A politician who does not follow the Church's teaching while stating in public his/her opposition to said teaching is causing scandal to those who are members of the church and to the public at large. Honesty would require that the individual refrain from joining in an action that states "communion" with Christ and the teachings of His Church.
Finally while i agree that we must do all that we can to reduce the number of abortions through various means, the truth is that the law is a teacher and for some people the fact that abortion is legal gives them permission ot consider it as a "choice." Since we generally do not give people who wish to do harm to others the license to choose whether to hurt another without the ramifications of criminal sanctions, I question why we as a nation should want to allow abortionists to kill children and not want laws to prohibit such enterprises.
Chuck Blanchard said…

Welcome to my blog. It has been quite a while since we last spoke. As always, you express your point well and fairly. I think that one possible answer to your point is this: while the law undoubtedly plays a role in shaping attitudes and behavior (that is a lesson from the Civil Rights movement), the history of criminal sanctions both in the United States pre-1973 and in Latin America suggests that de jure prohibition of abortion will not necessary mean de facto protection of the unborn.

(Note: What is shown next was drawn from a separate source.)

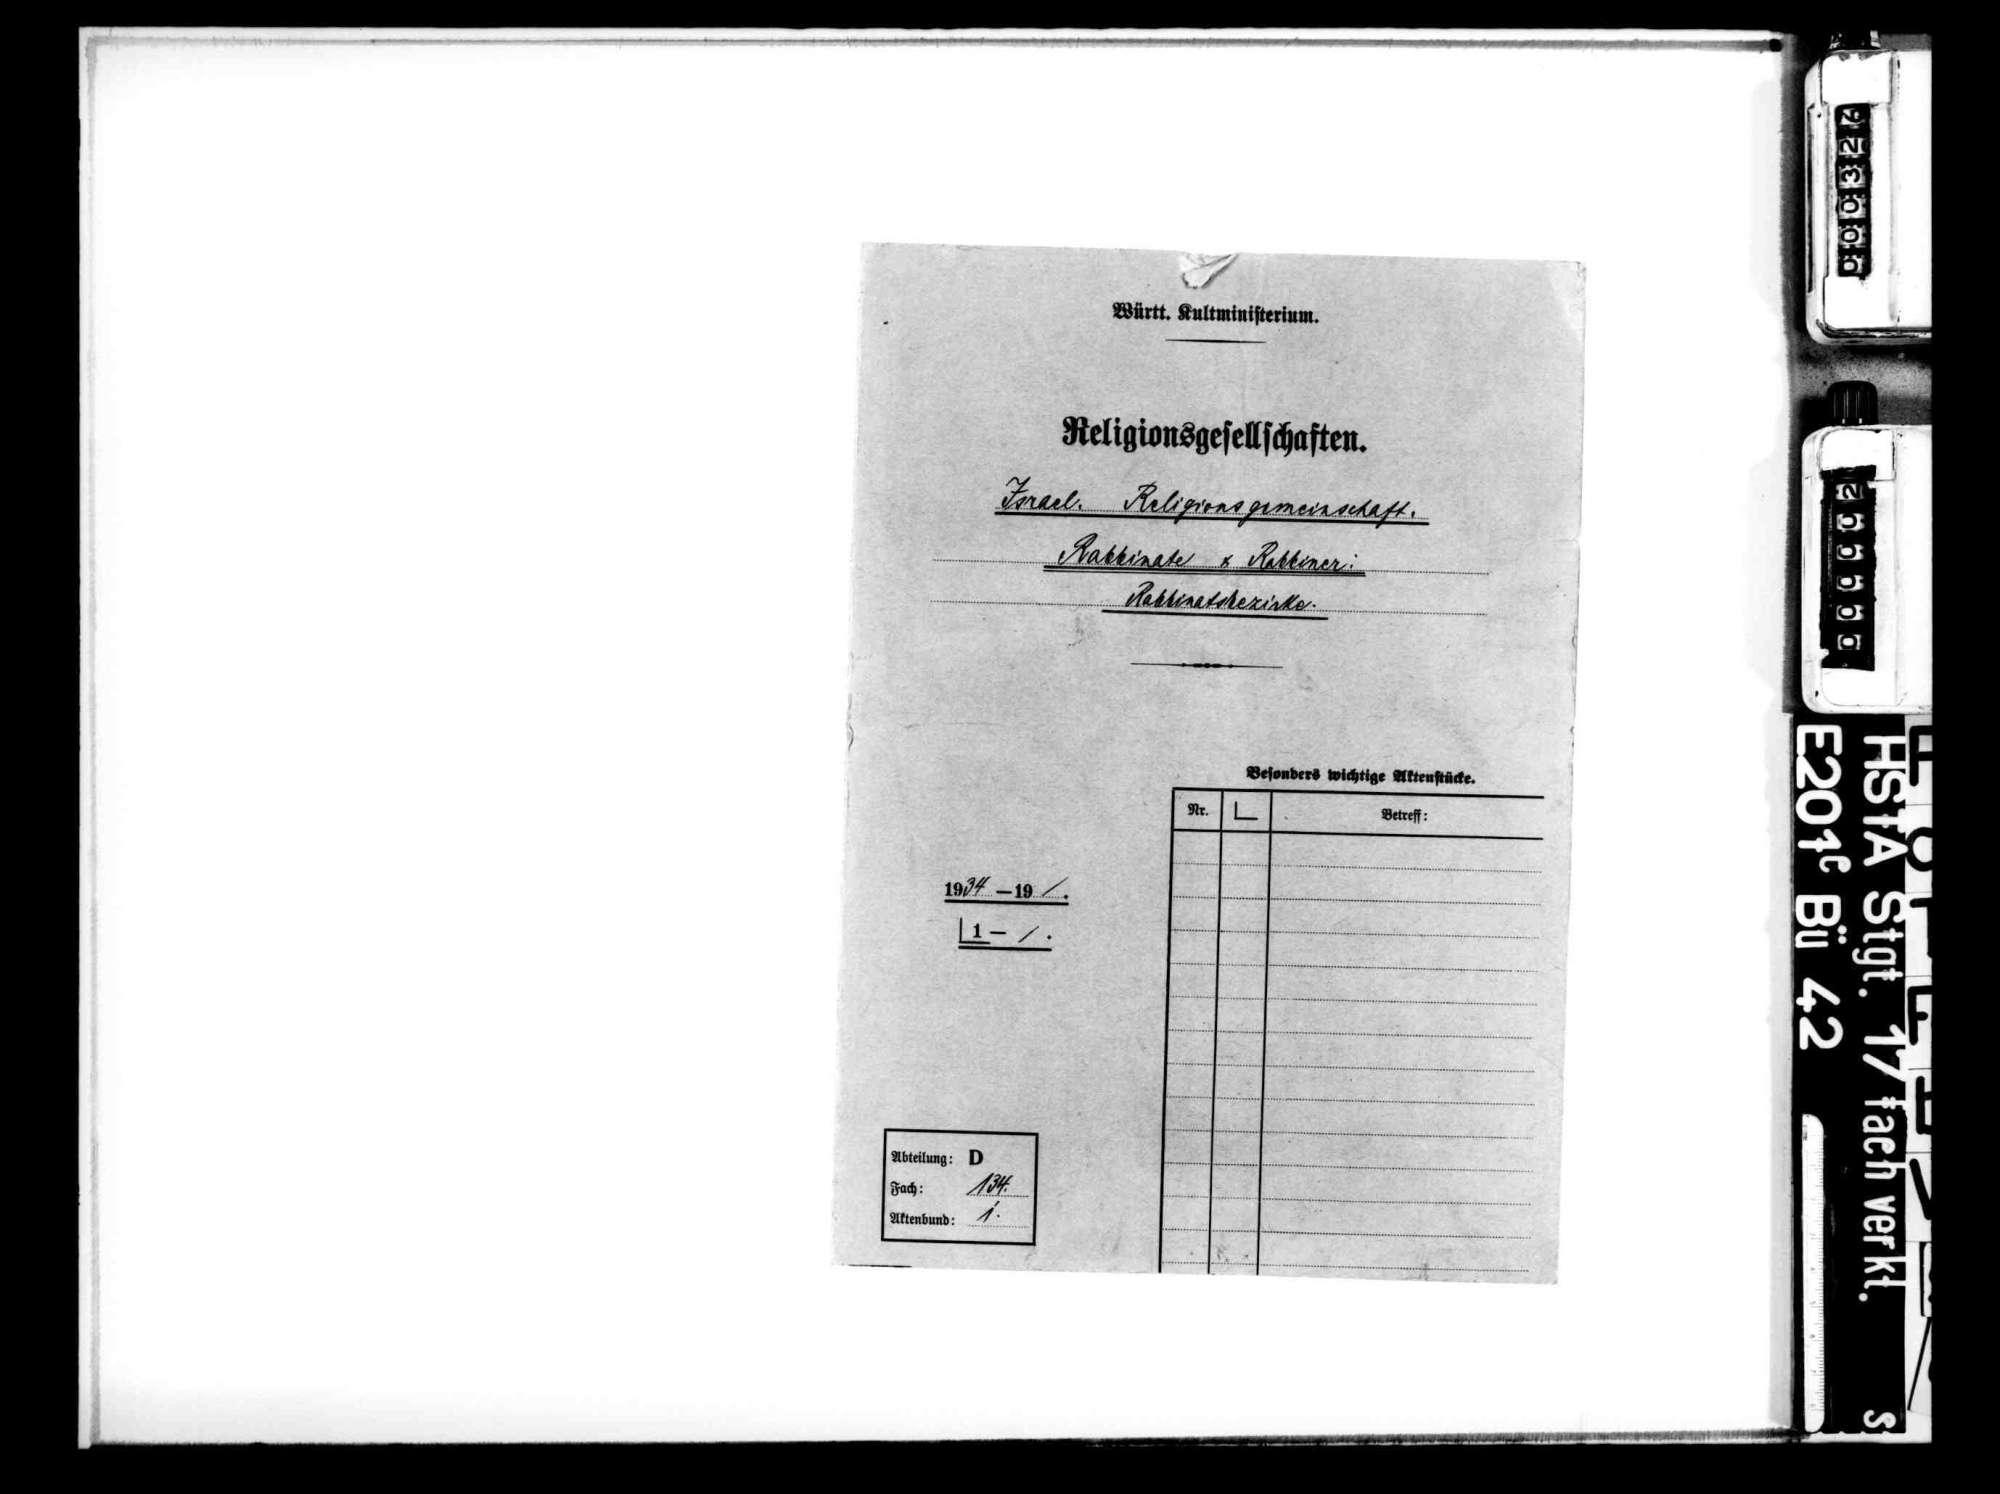 Rabbiner und Rabbinate: Stellenbesetzung und Fortbildung der Rabbiner, Übersicht über die Rabbinatsbezirke, Bild 1

It seems to me, therefore, that even a poltical leader who believes that abortion is the taking of a human life may decide that his or her energy is better spent on other, more effective measures to reduce abortions. And, given the sharp split on the basic issues of abortion in the American public, he or she may also decide that fighting for criminal sanctions will be ineffective and counter-productive.

(I might add, however, that a vote for public funding of abortions by that political leader would be very hard to reconcile with the stated belief that abortion is the taking of human life. That causes me to have doubts about whether Guiliani, for example, really accepts Catholic teachings on abortion.)

One final point, that I need to think about a bit more: There are some opponents of abortion who do so because they view an unborn child (fetus) as fully human. I think there are others, however, who oppose abortion, but who do without necessarily recognizing the fetus as fully human. (How else could they justify abortion in the case of rape or incest). In other words, the pro-life position consists of a variety of views on the status of the unborn child. Again, I need to ponder that a bit more.